Order it up, and it will happen. How much extra will New Yorkers have to pay for all these electric vehicles? No mention of that here.

And what is the plan for, for example, air travel and freight rail? From page 95:

Some segments of hard-to-electrify subsectors, such as aviation, freight rail, and potentially some MHD vehicles are expected to rely on green hydrogen and renewable biofuels (e.g., renewable jet fuel) to fully replace fossil fuel combustion if zero emission applications are not feasible.

Airplanes will run on “green hydrogen.” Has there been as of today any demonstration of the feasibility of such a thing, let alone any company working to develop a commercial version?

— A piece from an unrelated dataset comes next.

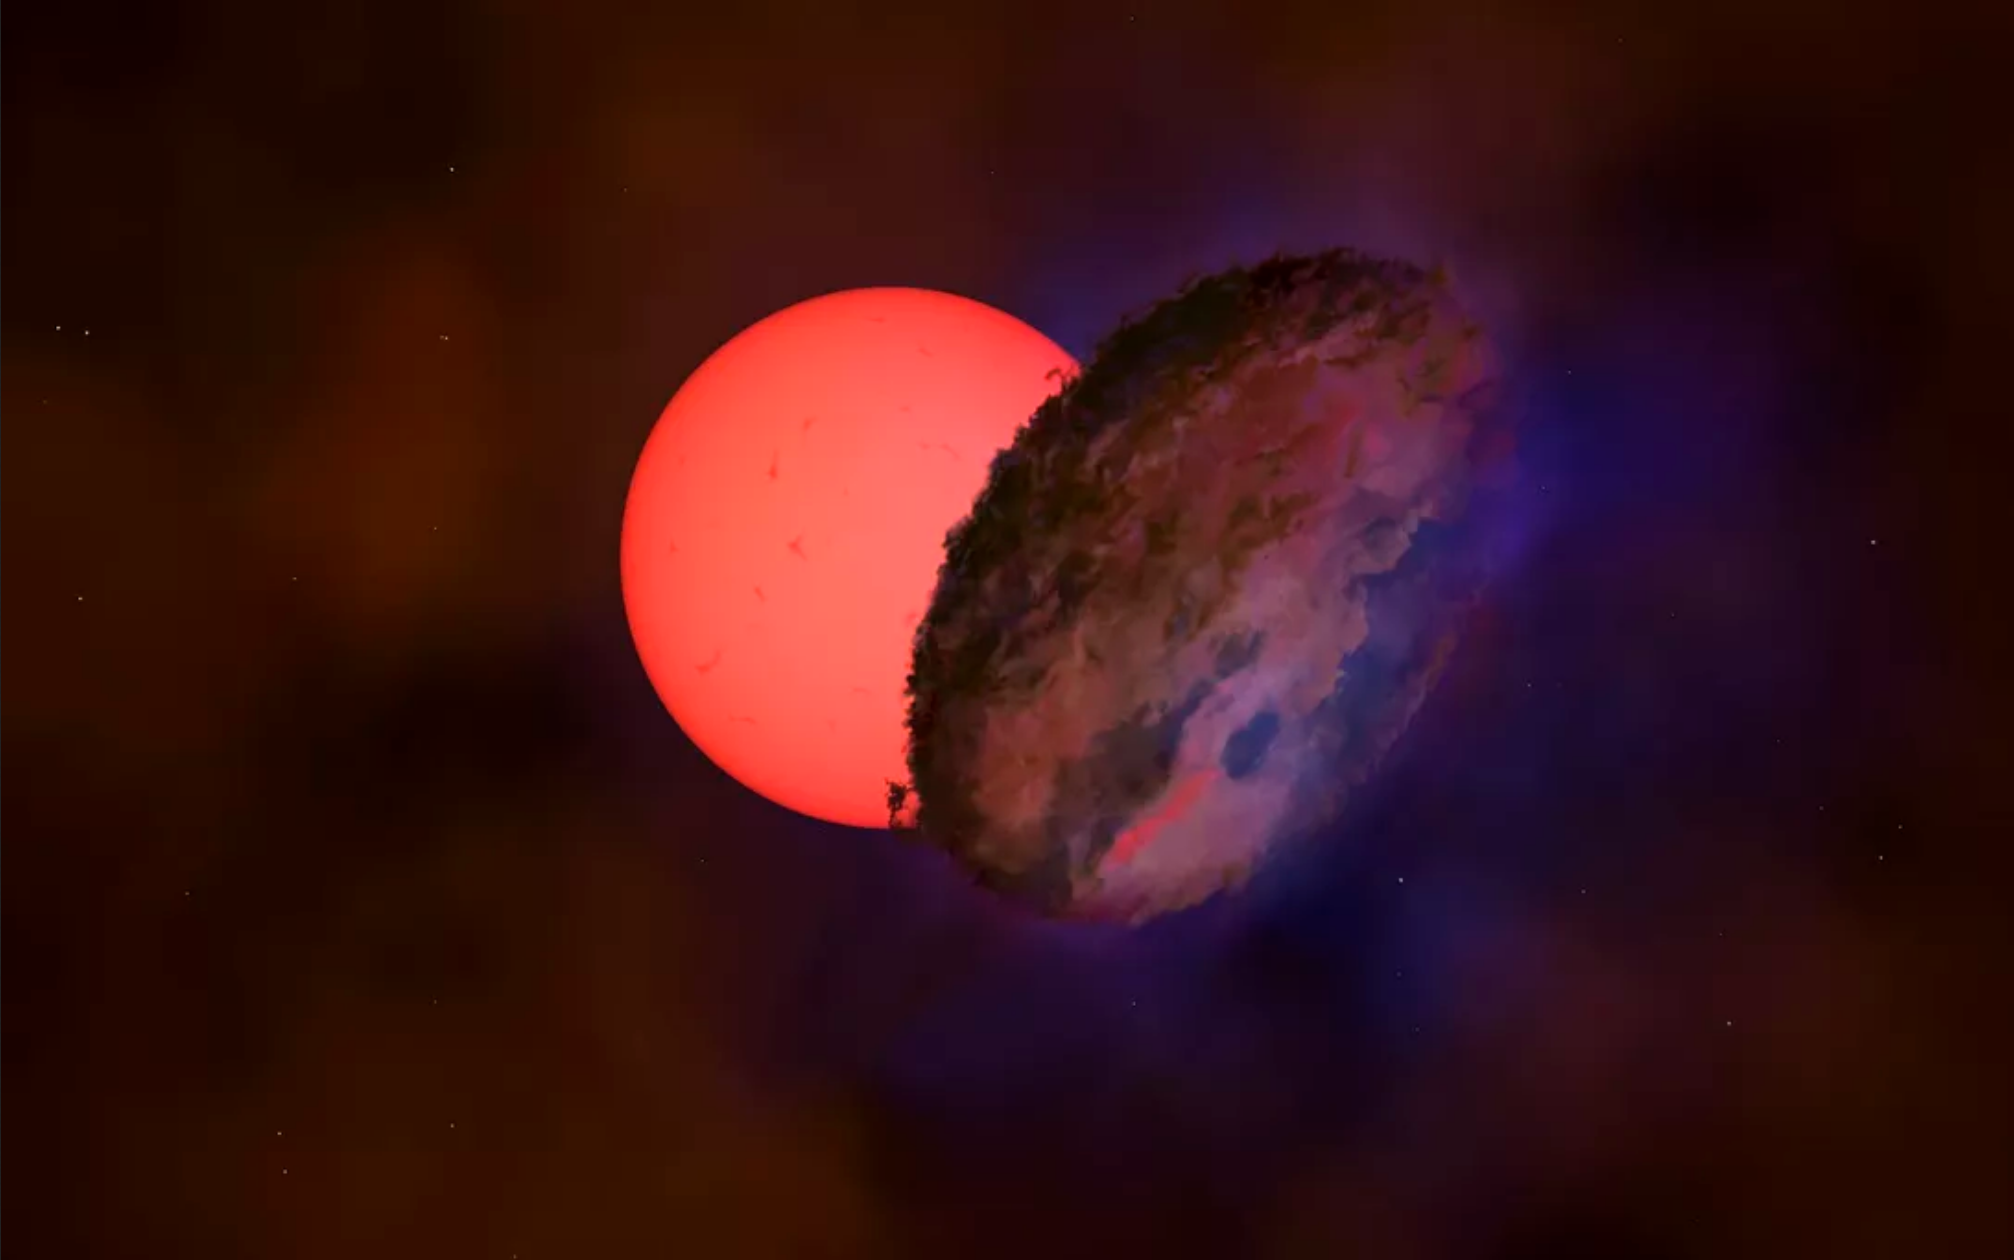 天文学家在超过25000光年外的银河系中心发现一颗巨大的“闪烁”恒星VVV-WIT-08
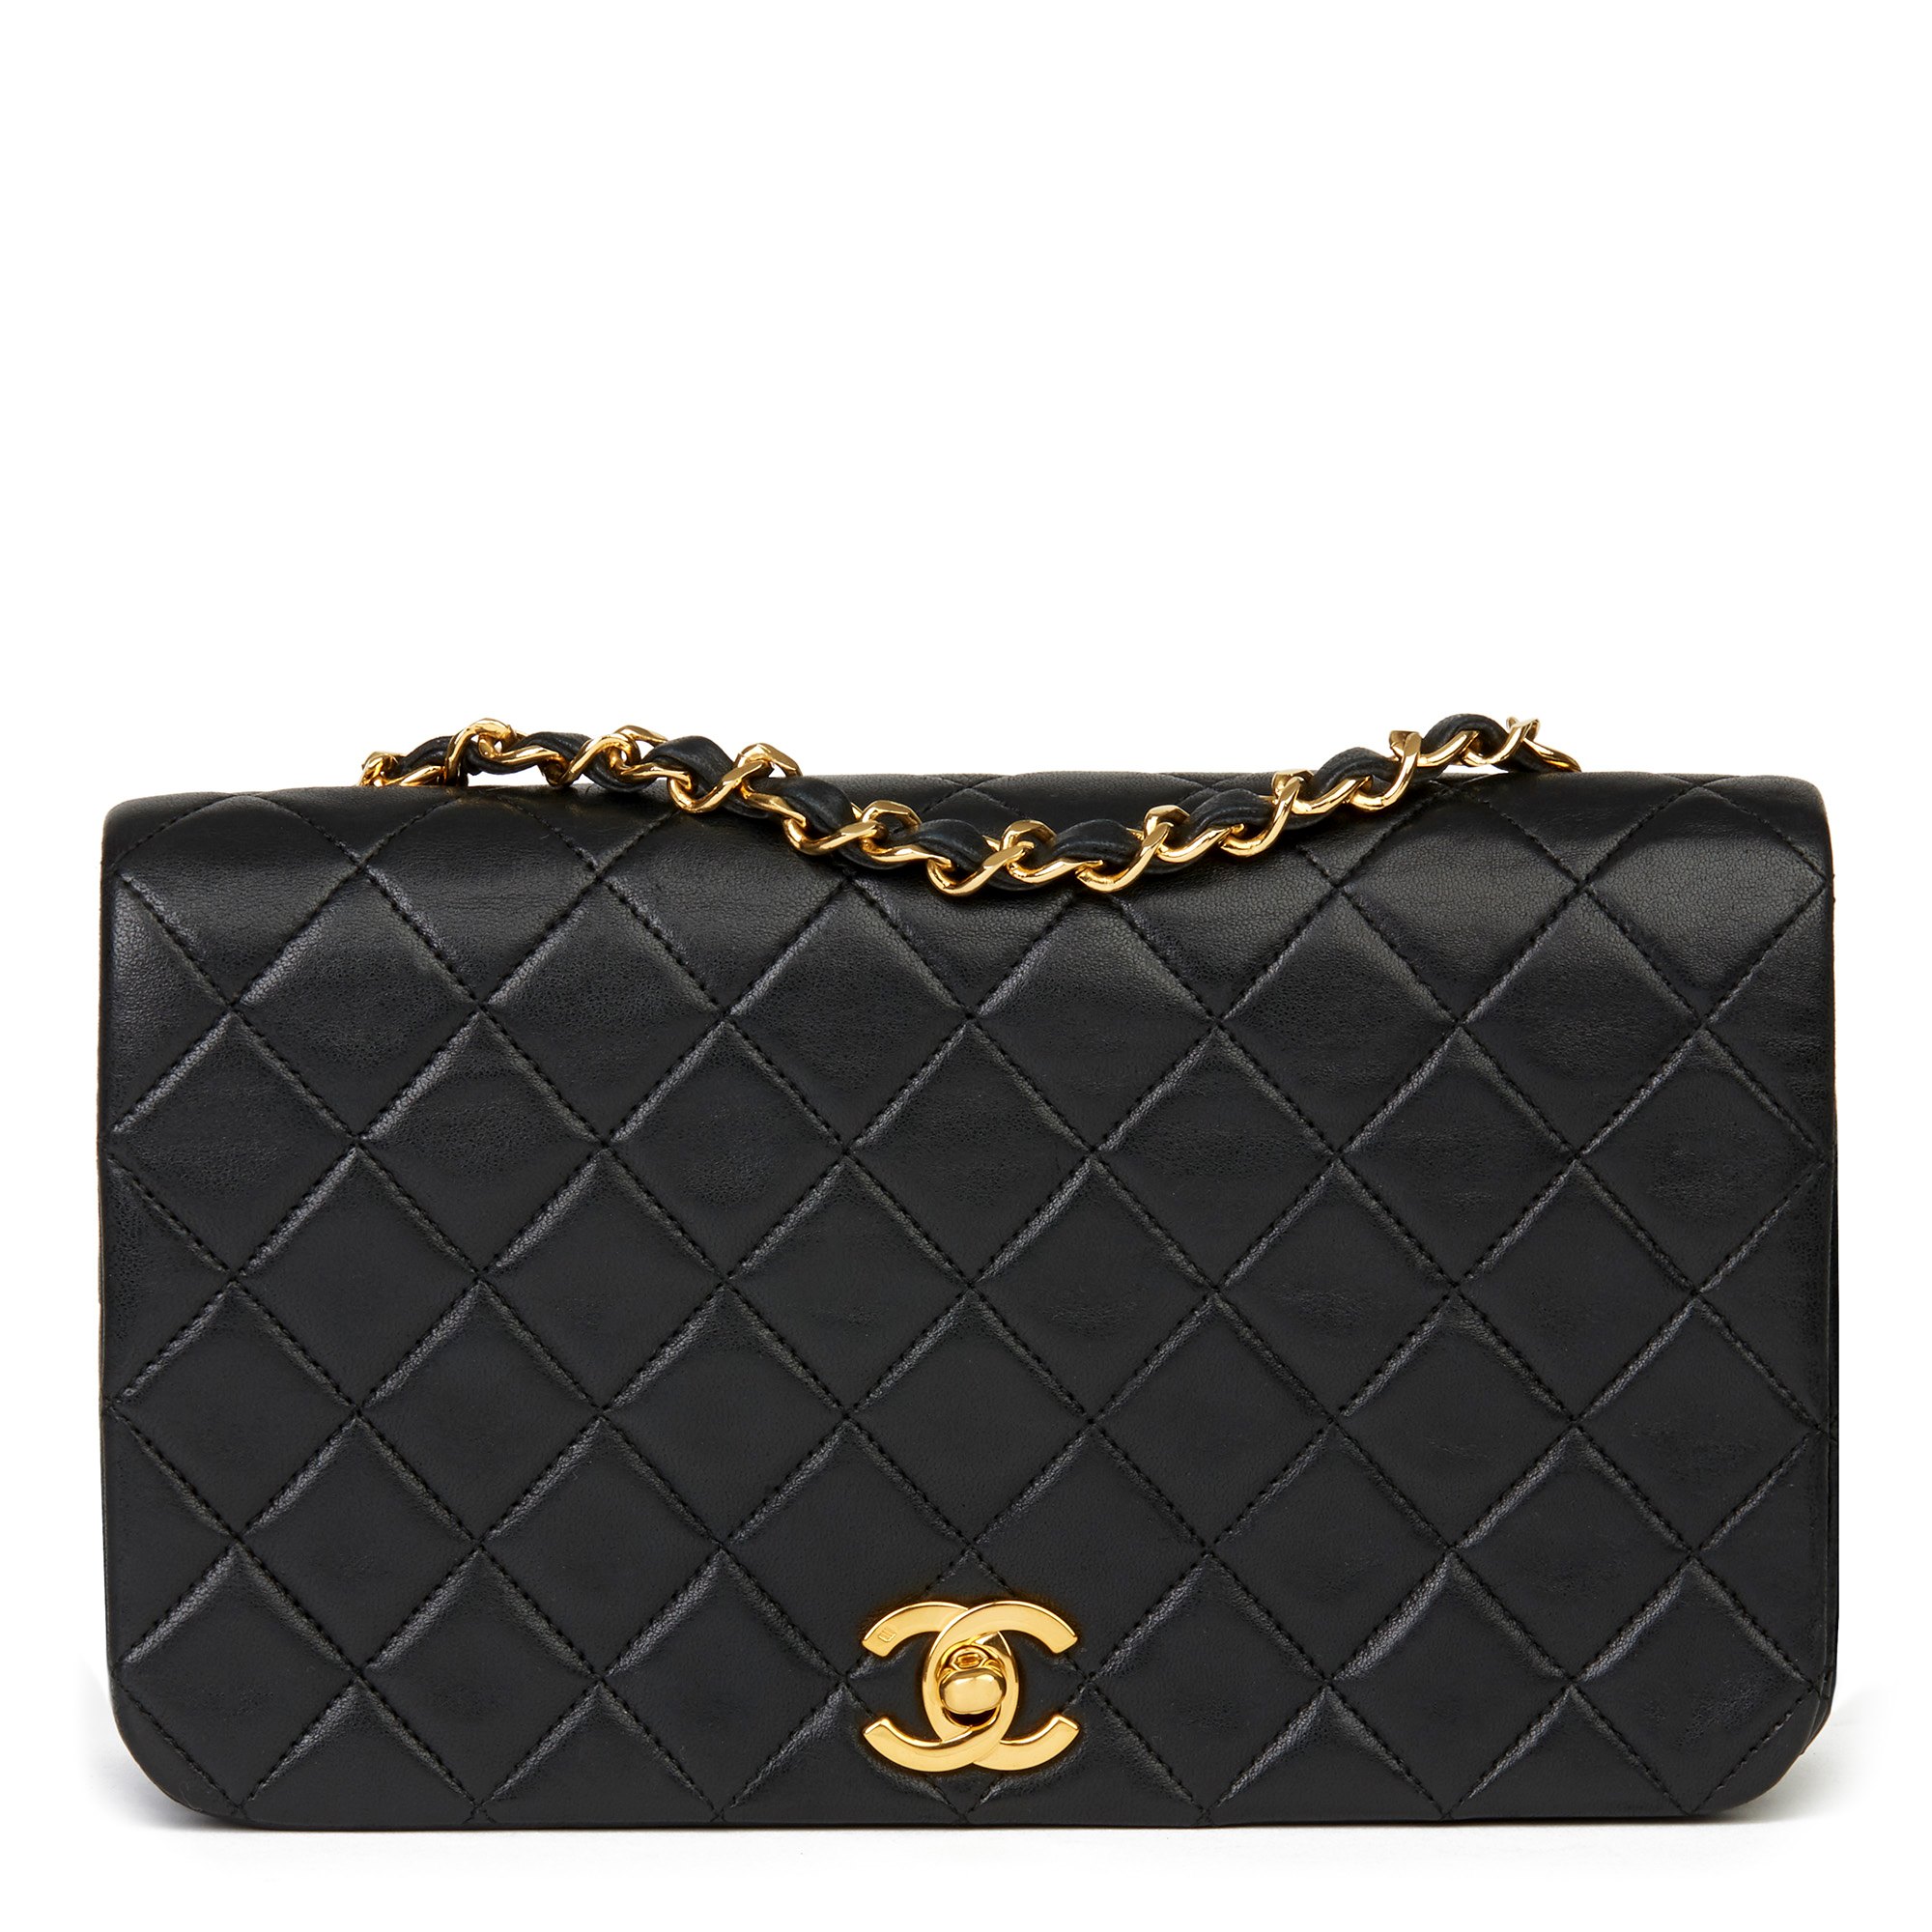 Chanel Mini Classic Flap Handbag | IQS Executive

The Scoping Plan does build on what is called an “Integration Analysis,” that supposedly weighs (wildly underestimated) costs against (almost entirely imaginary) benefits of this energy transition, and comes out with a supposedly positive answer. I don’t have nearly the space here to go into detail on this subject, but highly recommend a November 22 Report from the Empire Center called “The Green Scheme,” as well as the December 15 blog post at Roger Caiazza’s Pragmatic Environmentalist of New York site titled “Review of Costs in Green Scheme: The Climate Action Council’s Climate Transition Cost Analysis.” Here is one among many choice quotes from Caiazza:

The Integration Analysis is not a feasibility study. The Analysis does not include an engineering evaluation to determine how the grid has to be upgraded to maintain current reliability standards much less how much it will cost. One feasibility aspect that is included is a technology to cover the need for zero emissions, firm dispatchable resources. The analysis proposes using hydrogen resources for this aspect of the system but that technology has not been proven at the scale necessary for New York’s requirements. Any cost estimates of an unproven technology are wildly uncertain. In addition, I cannot find any reference to necessary transmission ancillary services support so I agree that the grid issues raised have been overlooked.

I suppose one possibility is that New York actually proceeds down the road laid out in this “Scoping Plan,” and rapidly hits the green energy wall that I discussed in my post a couple of weeks ago. But this work product is so preposterous and so amateurish that my prediction is that after a few years it will just be ignored and forgotten.